I had a great time at ML this year found a lot of small stuff to add to the collection and some great bikes. That sure is a nice miss America project. Always been one of my favorite girls bike. And it was nice meeting some new friends there and meeting with old ones. See you next year


----------



## jpromo (Oct 27, 2012)

Yes, another fun ML meet. The rain probably kept some away in the morning but everybody there was in good spirits. I could only swing by for a few hours Friday morning but got to spend some money and shoot the breeze with people. I picked up a decent '53-4ish Panther project needing the usual parts (Rocket Ray, tank, guard). It's got a Phantom seat, as well so I can probably put that towards getting some of the correct stuff.

The shop is great because they really do have a wide variety of stuff available and the prices are quite palatable.


----------



## THEGOLDENGREEK (Oct 27, 2012)

npence said:


> I had a great time at ML this year found a lot of small stuff to add to the collection and some great bikes. That sure is a nice miss America project. Always been one of my favorite girls bike. And it was nice meeting some new friends there and meeting with old ones. See you next year




Yes it was good time.
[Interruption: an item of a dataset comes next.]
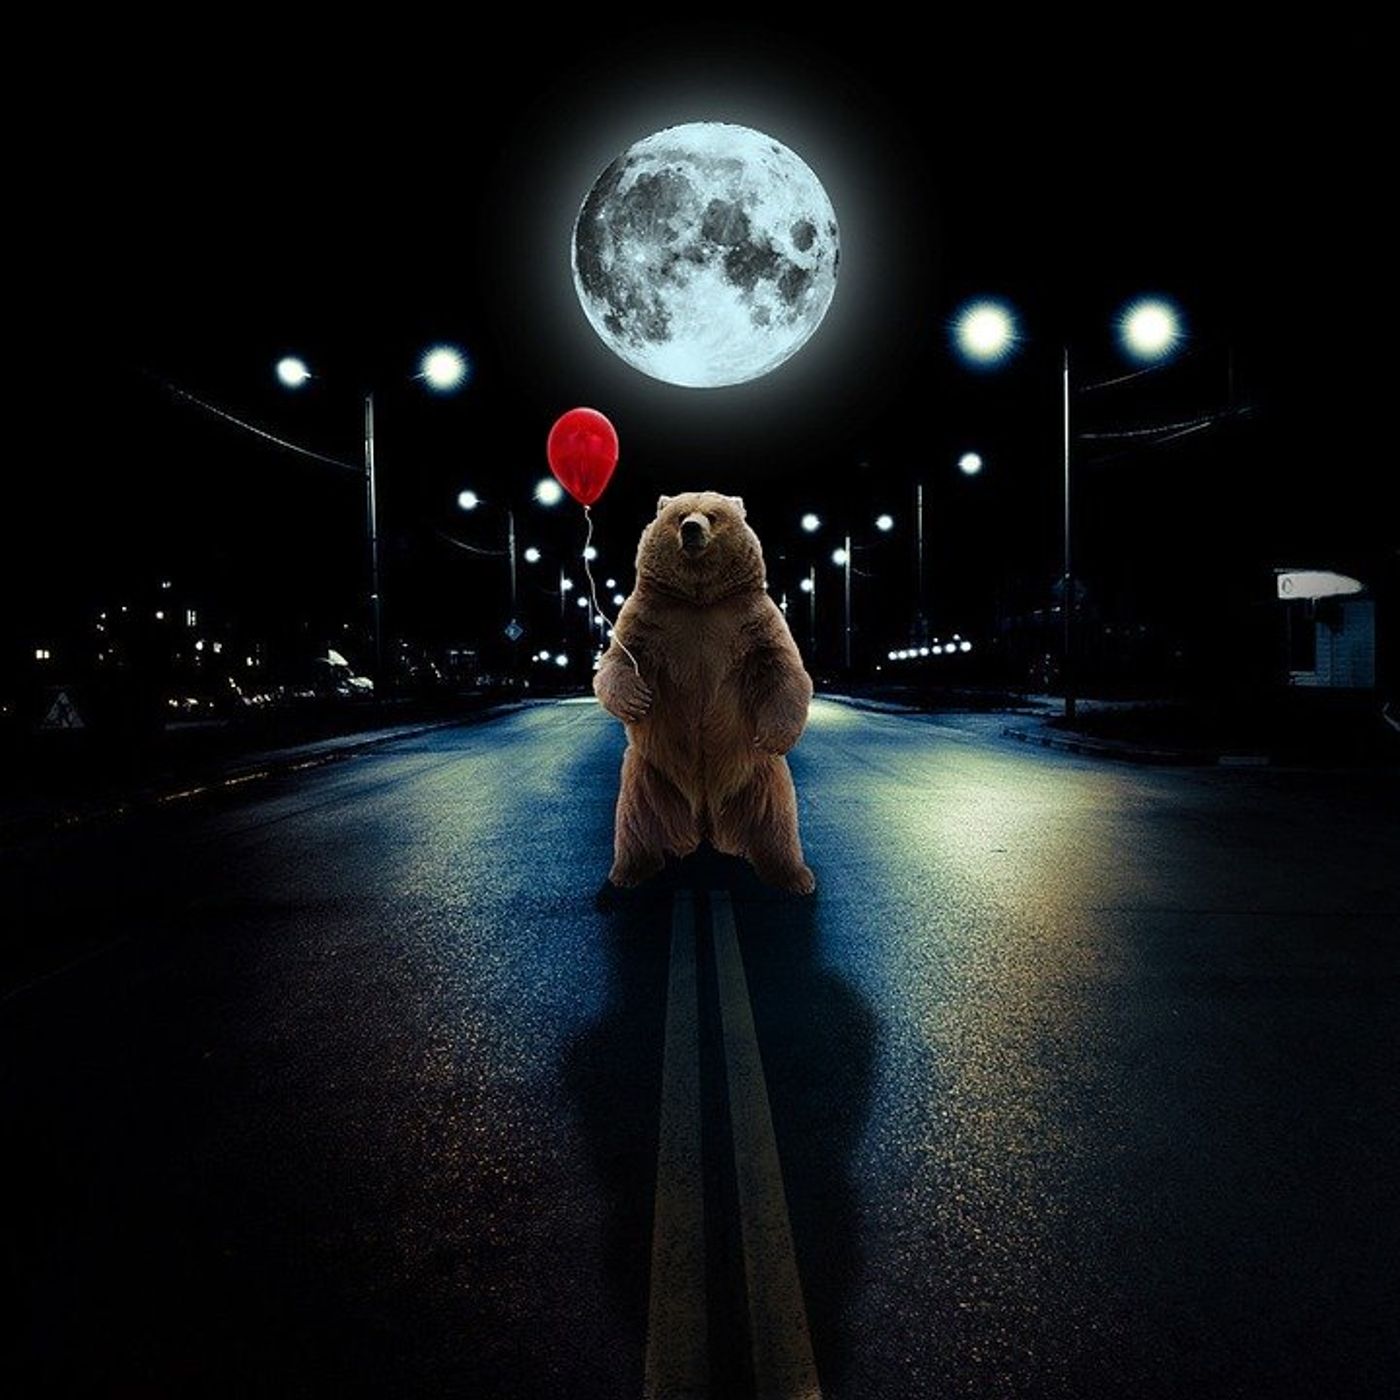 #28 - A Bear on the Moon
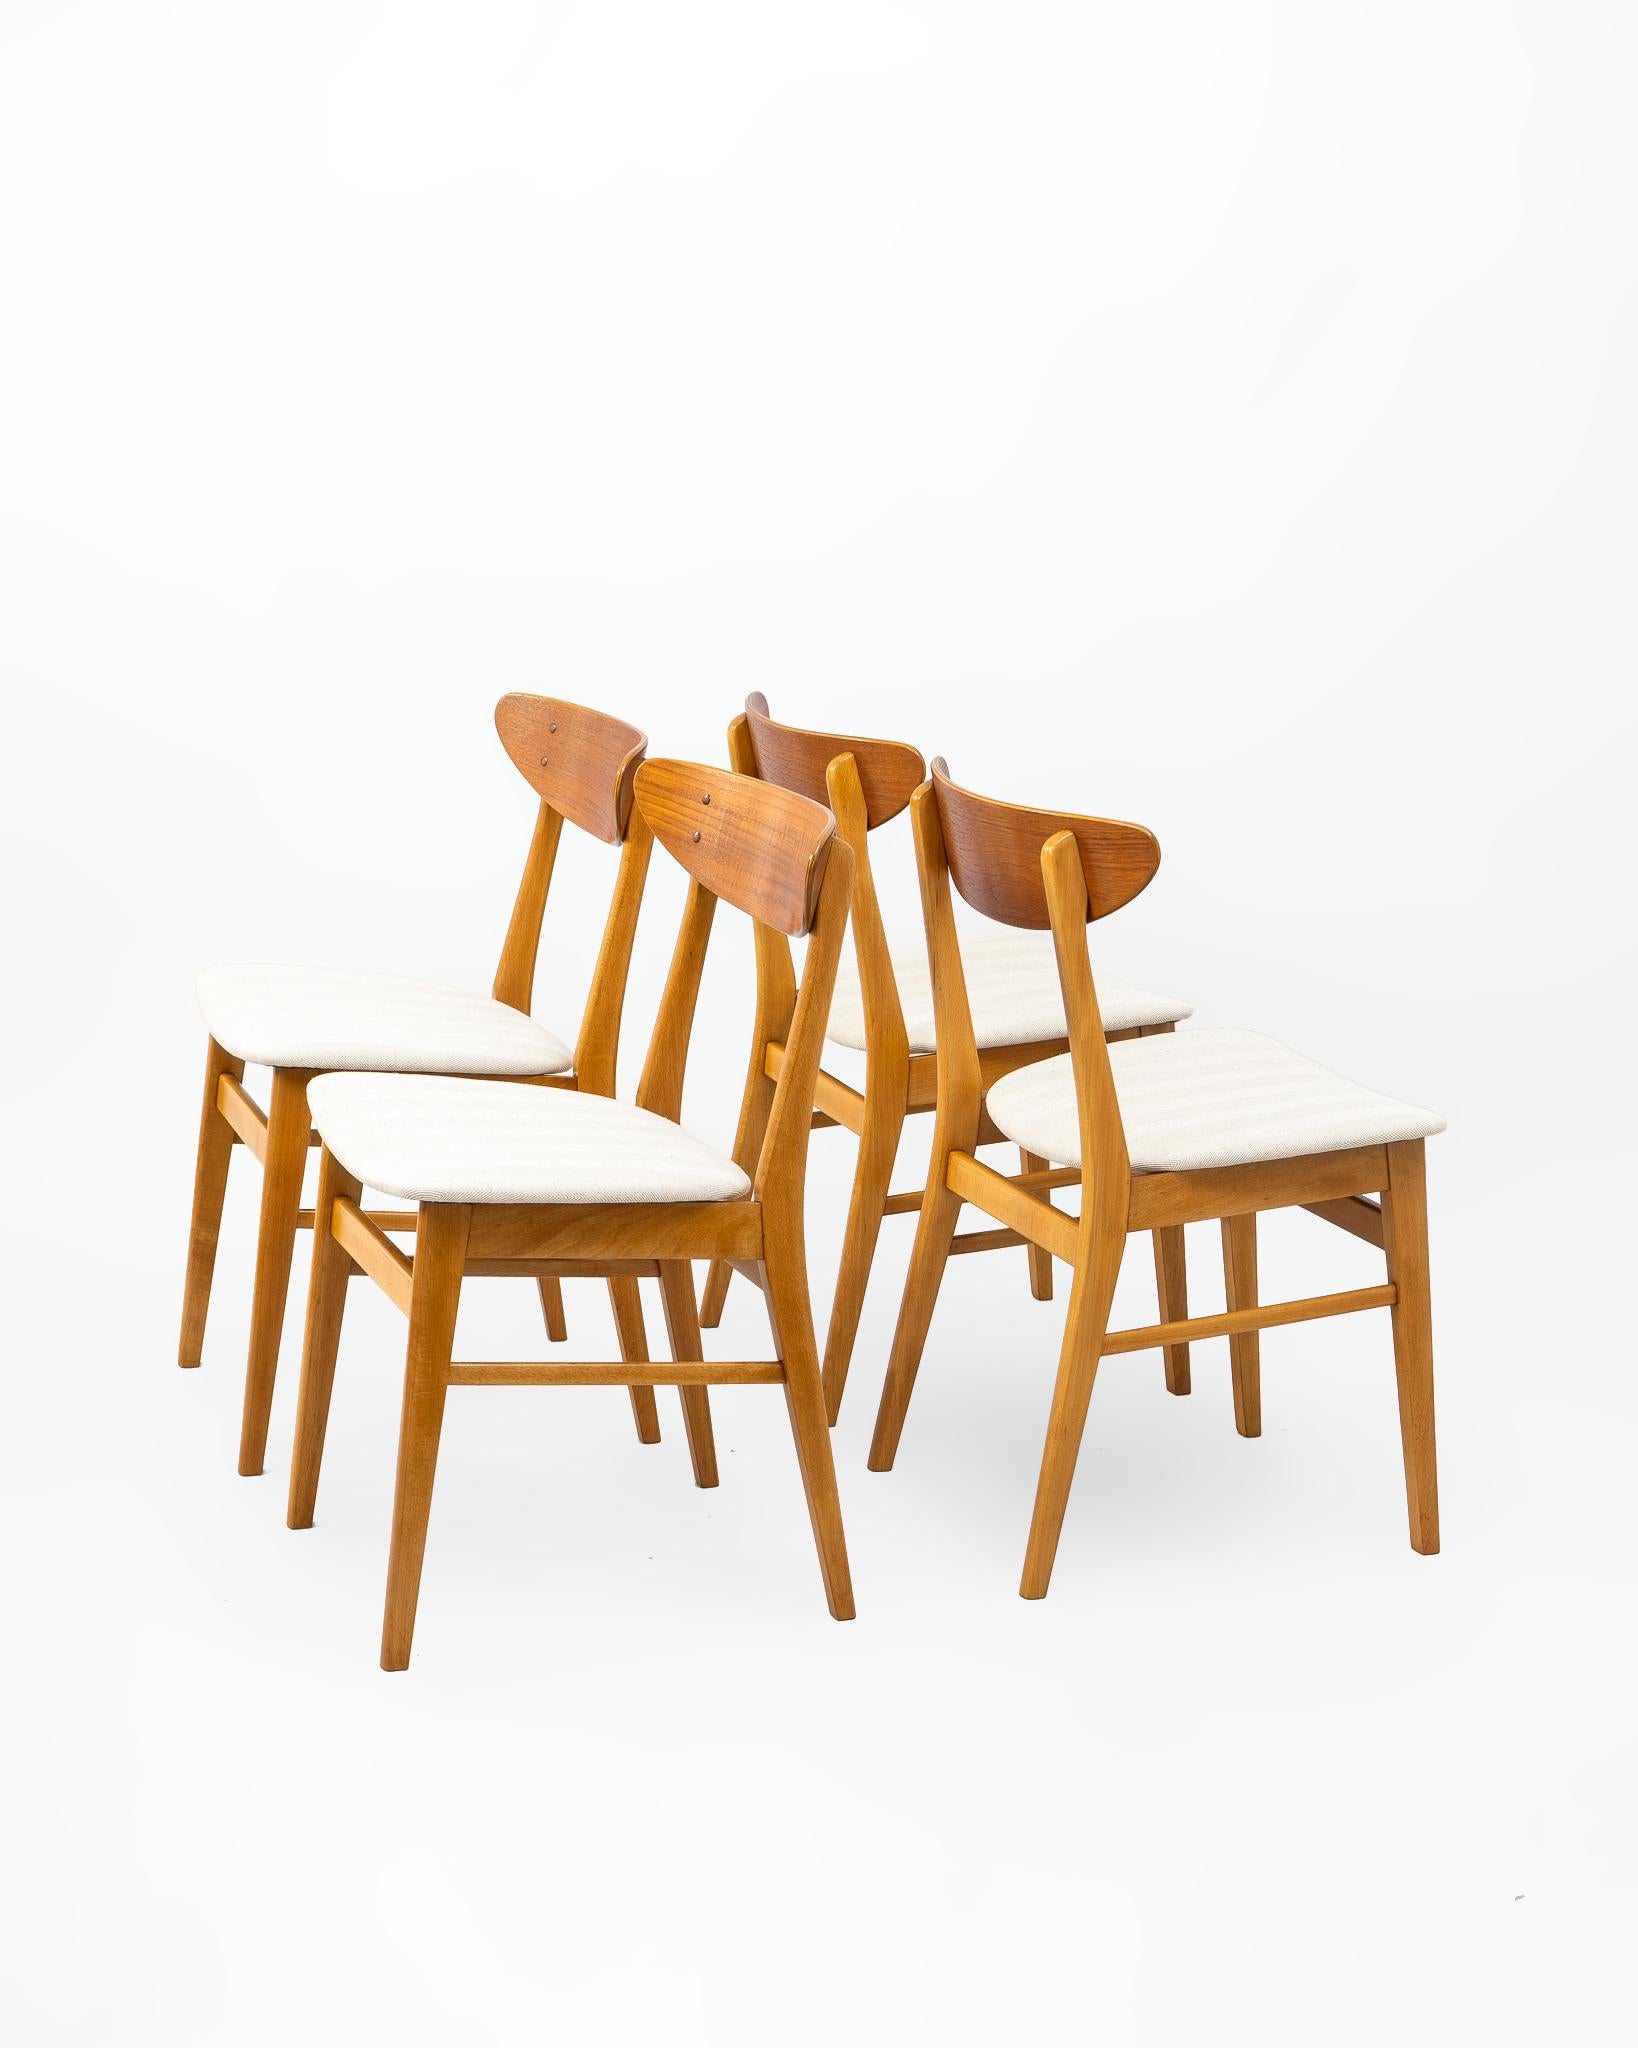 Conjunto de cuatro sillas fabricadas por la firma danesa Farstrup Stolefabrik en la década de los 1960’s. Estructura en madera de haya maciza con un elegante y ergonómico respaldo en forma de boomerang en chapa de teca. Diseño Mid Century que es ya

And you got a great project to be working on for the winter and a good donor bike. Good luck!!


----------



## Butch (Oct 27, 2012)

*ya got me*



THEGOLDENGREEK said:


> View attachment 71428View attachment 71429View attachment 71430View attachment 71431




Quite a lot of cool stuff. Picked up a few parts for really cheap and had a great time. That's me in the picture  holding a chainguard with a friend I work with talking with Scott on Thursday. Can't wait till next year.


----------



## THEGOLDENGREEK (Oct 27, 2012)

Butch said:


> Quite a lot of cool stuff. Picked up a few parts for really cheap and had a great time. That's me in the picture  holding a chainguard with a friend I work with talking with Scott on Thursday. Can't wait till next year.




Sorry if i got you in a pic my bad. i was trying to take pics of all the bikes!!


----------



## Butch (Oct 27, 2012)

No problem, there was some cool things to take pics of.


----------



## jd56 (Oct 27, 2012)

jpromo said:


> Yes, another fun ML meet. The rain probably kept some away in the morning but everybody there was in good spirits. I could only swing by for a few hours Friday morning but got to spend some money and shoot the breeze with people. I picked up a decent '53-4ish Panther project needing the usual parts (Rocket Ray, tank, guard). It's got a Phantom seat, as well so I can probably put that towards getting some of the correct stuff.
> 
> The shop is great because they really do have a wide variety of stuff available and the prices are quite palatable.




Phantom seat????
PM me  or better yet I'll pm you

JD


----------



## bikeboy1340 (Oct 28, 2012)

*Fall Meet*

Good pics.  Nice to meet you and HIGGINSFOREVER Thursday night.  Hope to see you in the spring.  Great show, great people, great turn out.


----------



## THEGOLDENGREEK (Oct 28, 2012)

bikeboy1340 said:


> Good pics.  Nice to meet you and HIGGINSFOREVER Thursday night.  Hope to see you in the spring.  Great show, great people, great turn out.




Thanxs, Same here as well until next time!!


----------



## Kscheel (Oct 28, 2012)

This was my first Memory Lane show as well. I wasn't sure what to expect, especially with the weather as crummy as it was on Friday.

I have to say I was blown away, lots of quality parts both outside and inside the store. I had no problem spending my money...several of my projects are much closer to completion now. I couldn't believe what was inside the store, I never thought I'd see so many vintage bike parts in one spot and at such affordable prices. Not to mention the huge quantities of some parts... The staff was super helpful and gave me a great deal on the pile of parts I rounded up.

The one thing I was sort of annoyed by was the situation created by the weather. As the rain came and went I saw things come on and off tables and then back onto them again. As I made my rounds and lined up what I wanted to buy it certainly made it challenging to keep things straight. As far as parts went I was surprised by the quantity of phantom parts, a lot more than I expected. 

Compared to the Saline show (which I've been to many times) it is definitely on par. To me it seemed like even though this show was smaller it still had a comparable amount of quality parts and bikes. I'll definitely be coming back for the spring show.

Below is a pic of my haul.


----------



## WES PINCHOT (Oct 29, 2012)

*Weather*

That is typically a variable for mlc spring and fall shows.
Sorry, i could not be there.


----------